Given records Block Start

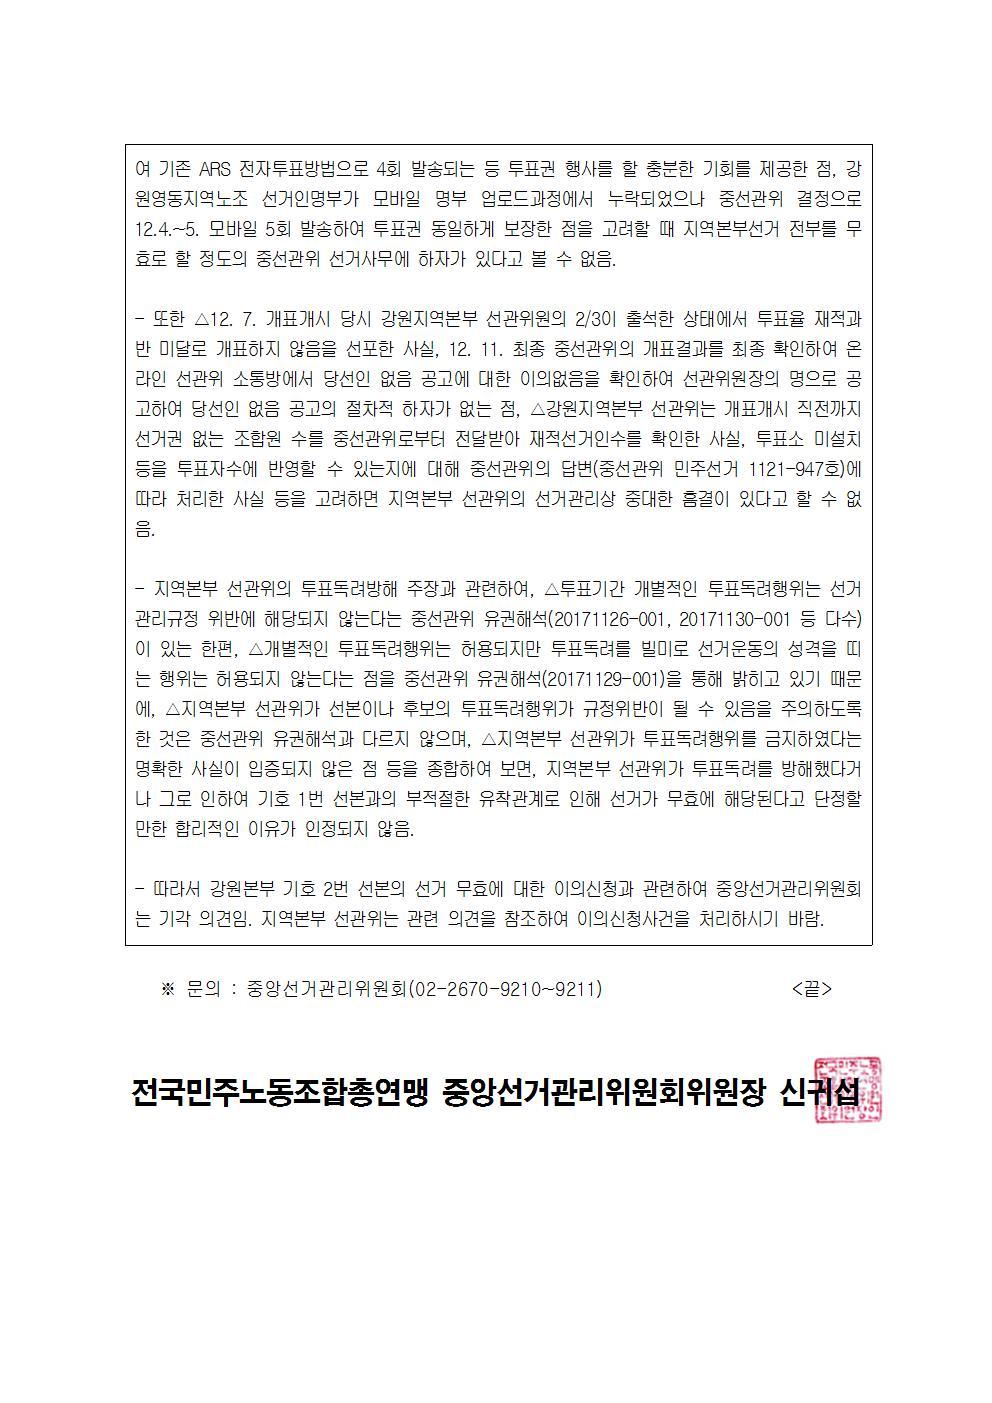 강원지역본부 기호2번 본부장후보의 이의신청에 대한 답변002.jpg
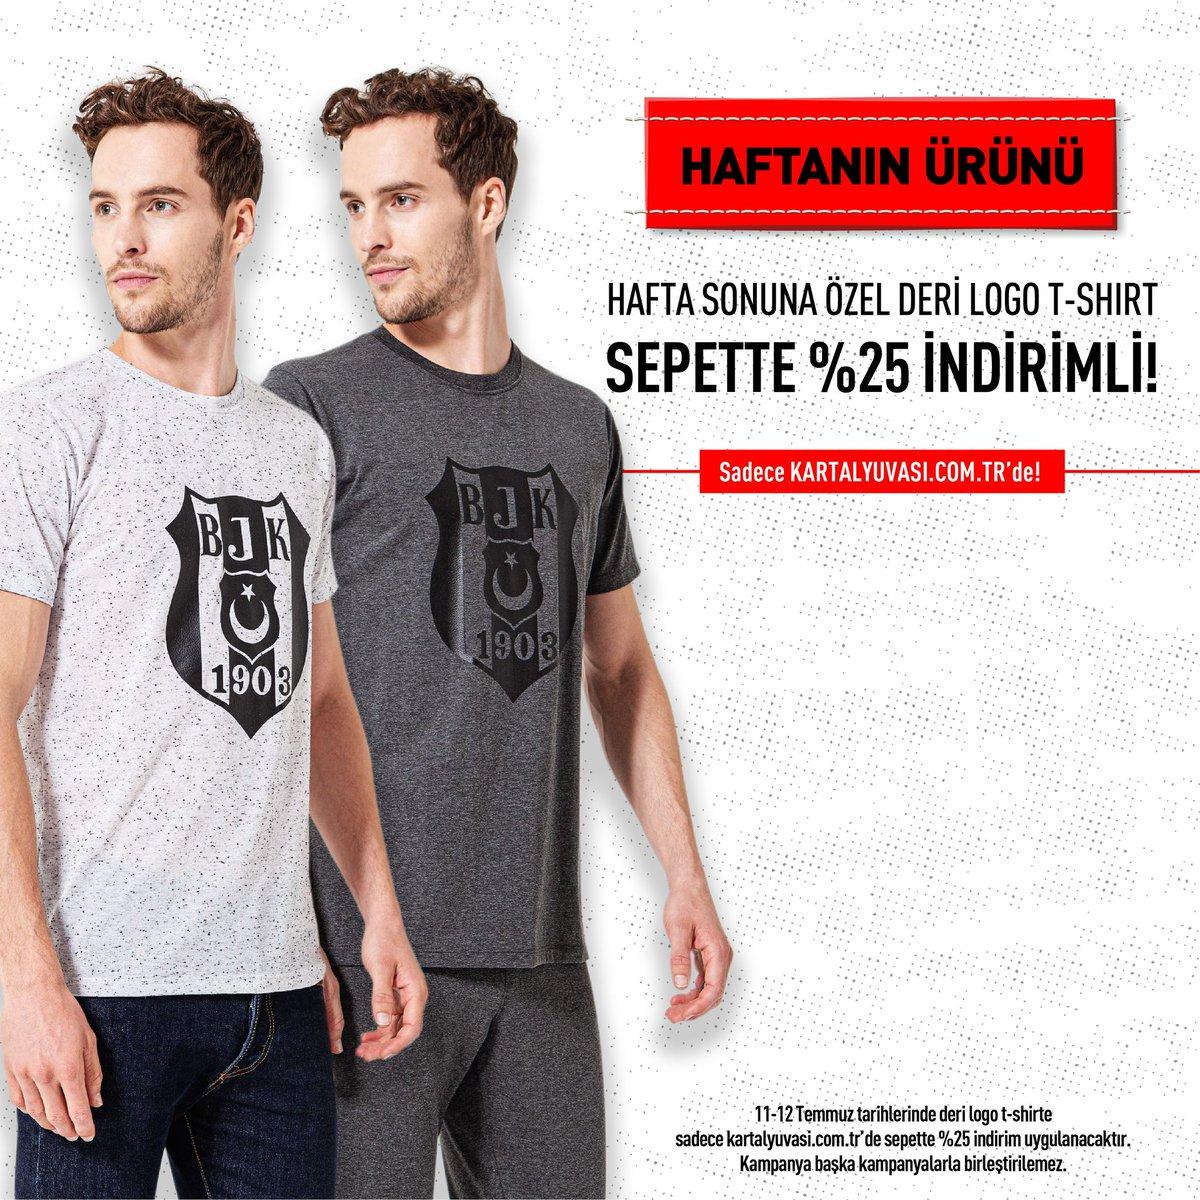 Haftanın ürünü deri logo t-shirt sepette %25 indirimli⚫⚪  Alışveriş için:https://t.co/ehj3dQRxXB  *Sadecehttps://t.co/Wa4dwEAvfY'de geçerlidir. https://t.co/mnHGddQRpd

Given records Block End
Given records Block Start

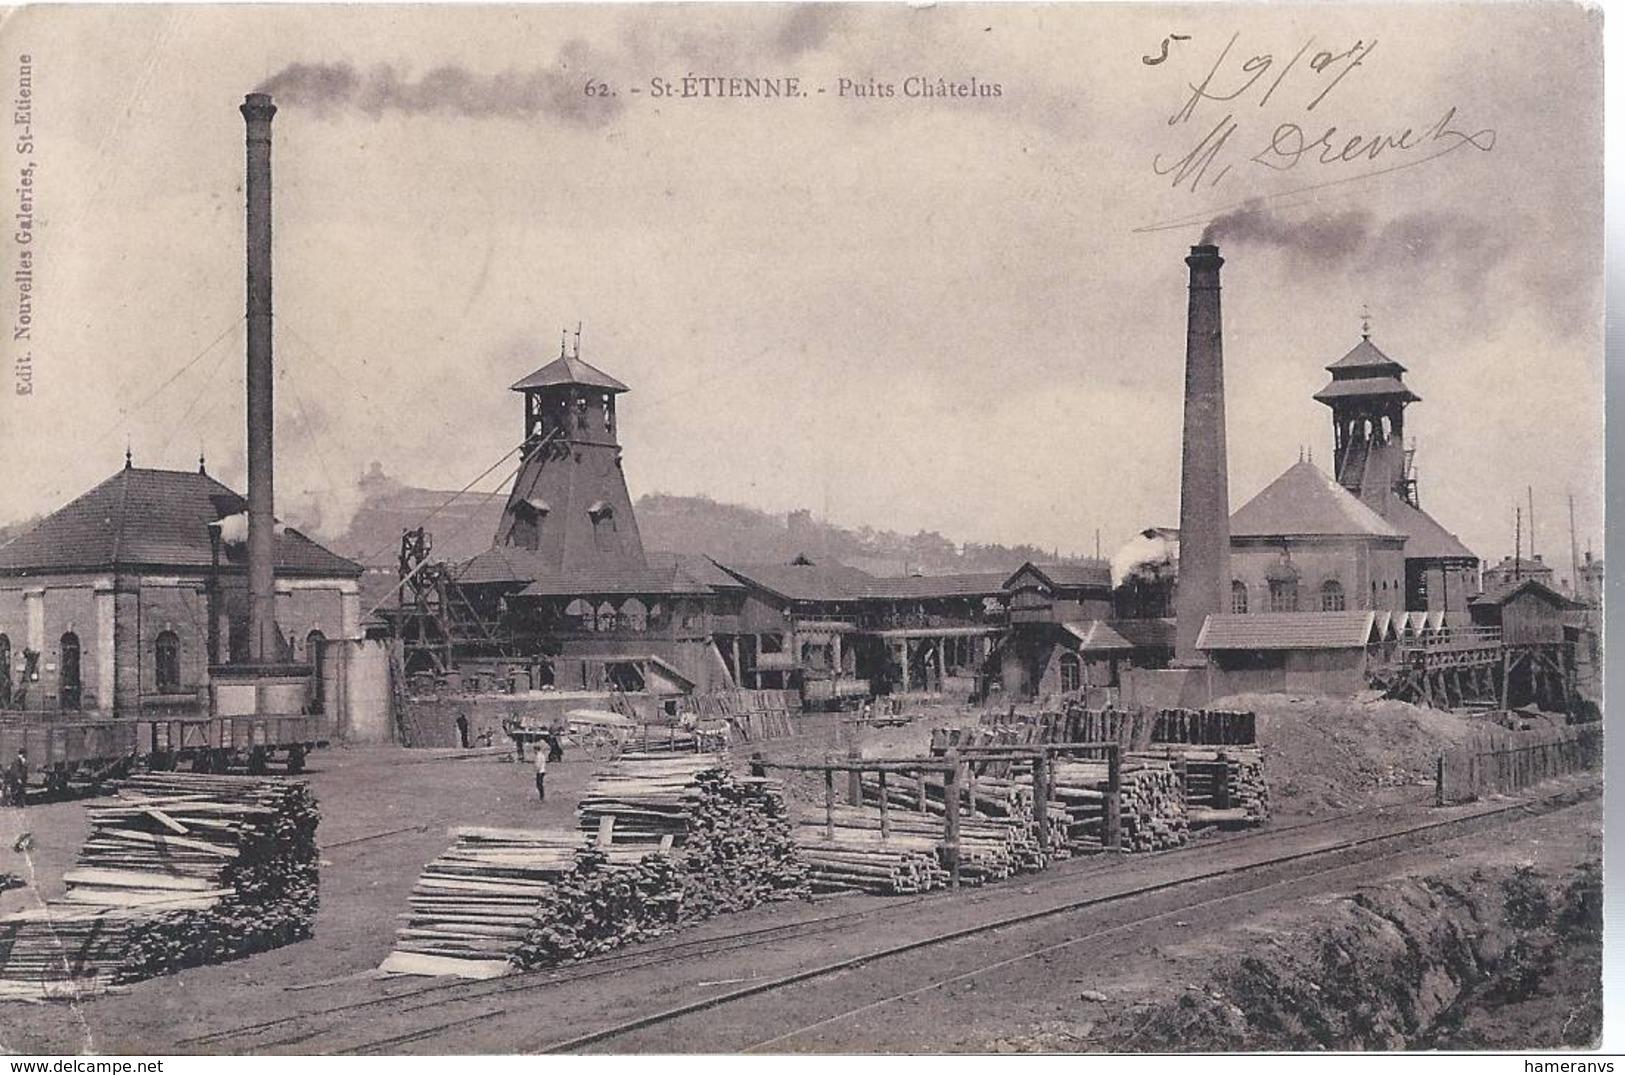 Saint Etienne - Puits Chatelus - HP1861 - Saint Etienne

Given records Block End
Given records Block Start

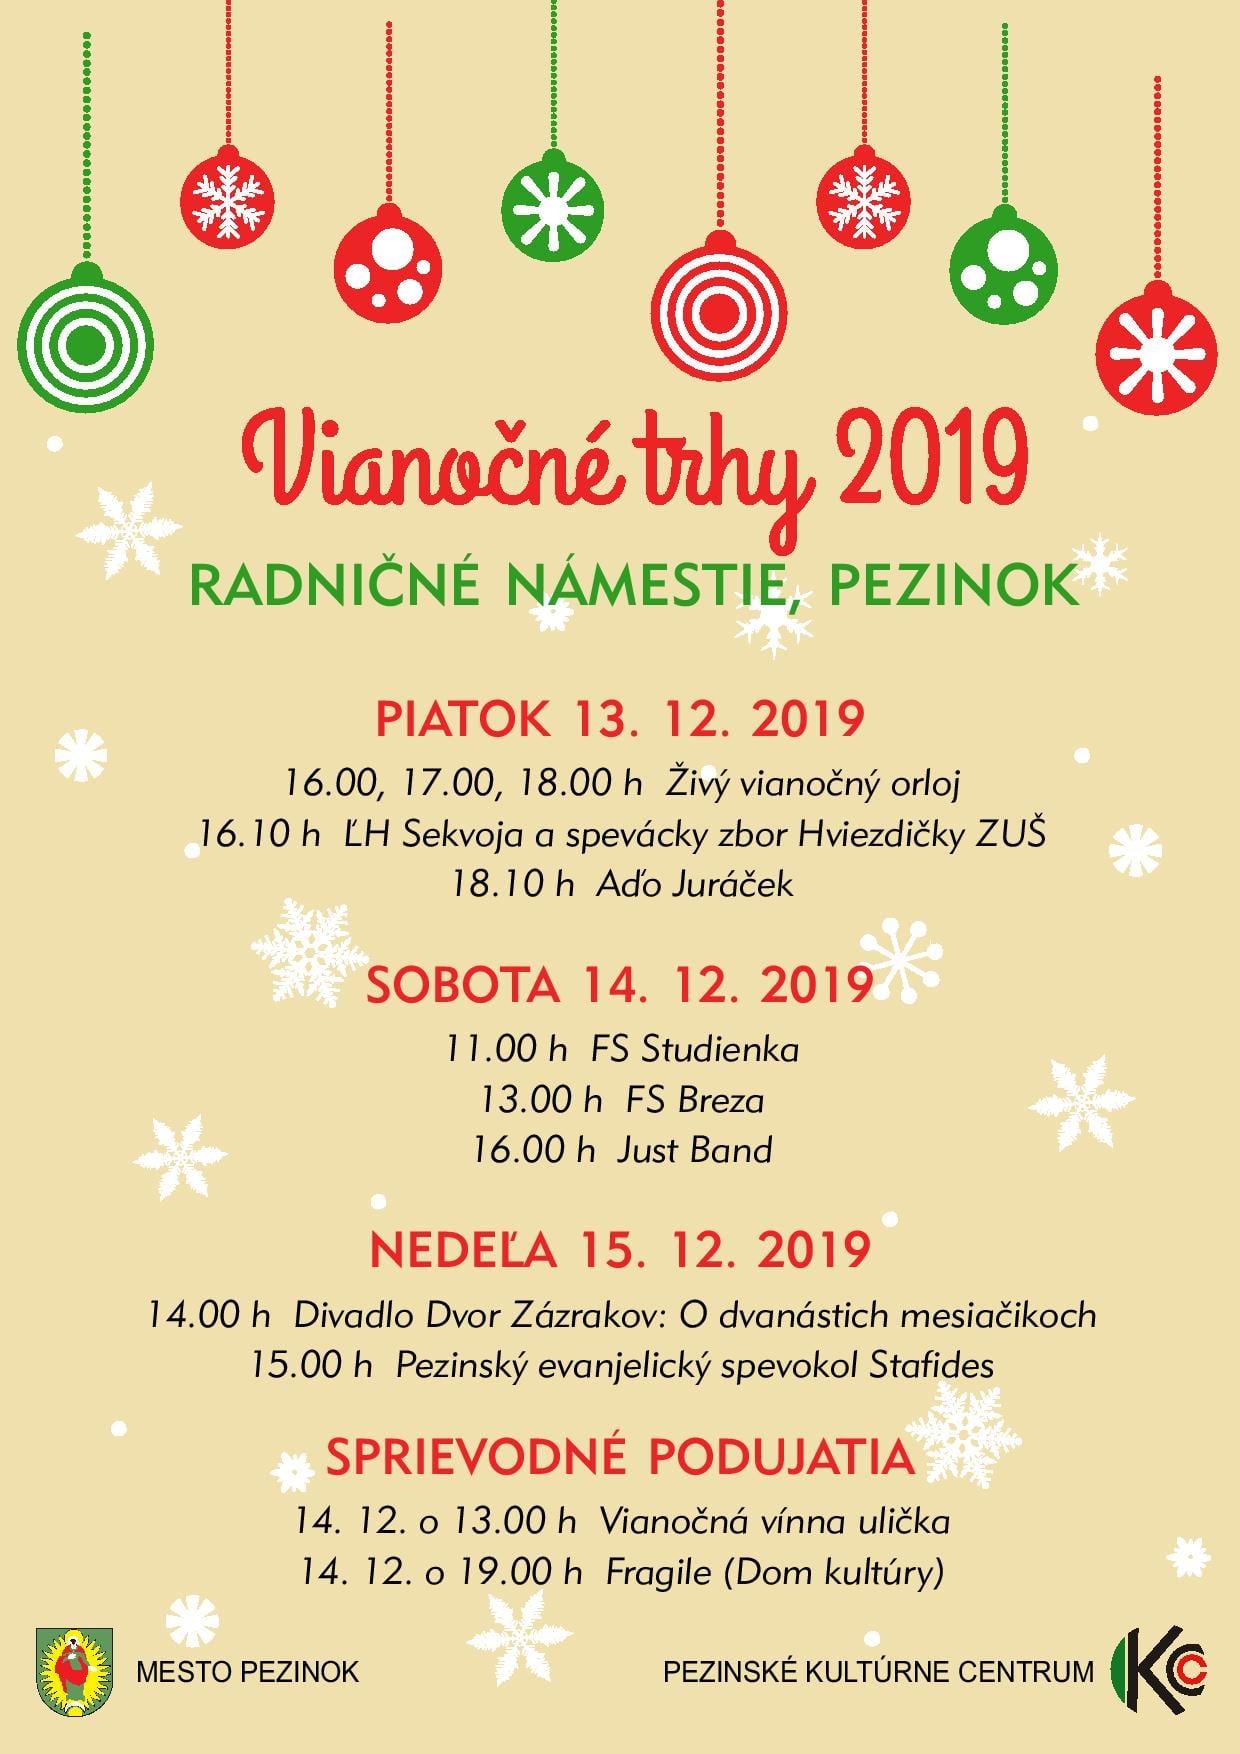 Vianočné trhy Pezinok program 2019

Given records Block End

▶ **Task item**:
Using the entries above, write out exactly the lines from the one with "강원지역본부 기호2번 본부장후보의 이의신청에 대한 답변002.jpg" through the one with "Haftanın ürünü deri", ends included. Leave out any pictures.

▶ **Output for this task**:
 강원지역본부 기호2번 본부장후보의 이의신청에 대한 답변002.jpg
 Haftanın ürünü deri logo t-shirt sepette %25 indirimli⚫⚪  Alışveriş için:https://t.co/ehj3dQRxXB  *Sadecehttps://t.co/Wa4dwEAvfY'de geçerlidir. https://t.co/mnHGddQRpd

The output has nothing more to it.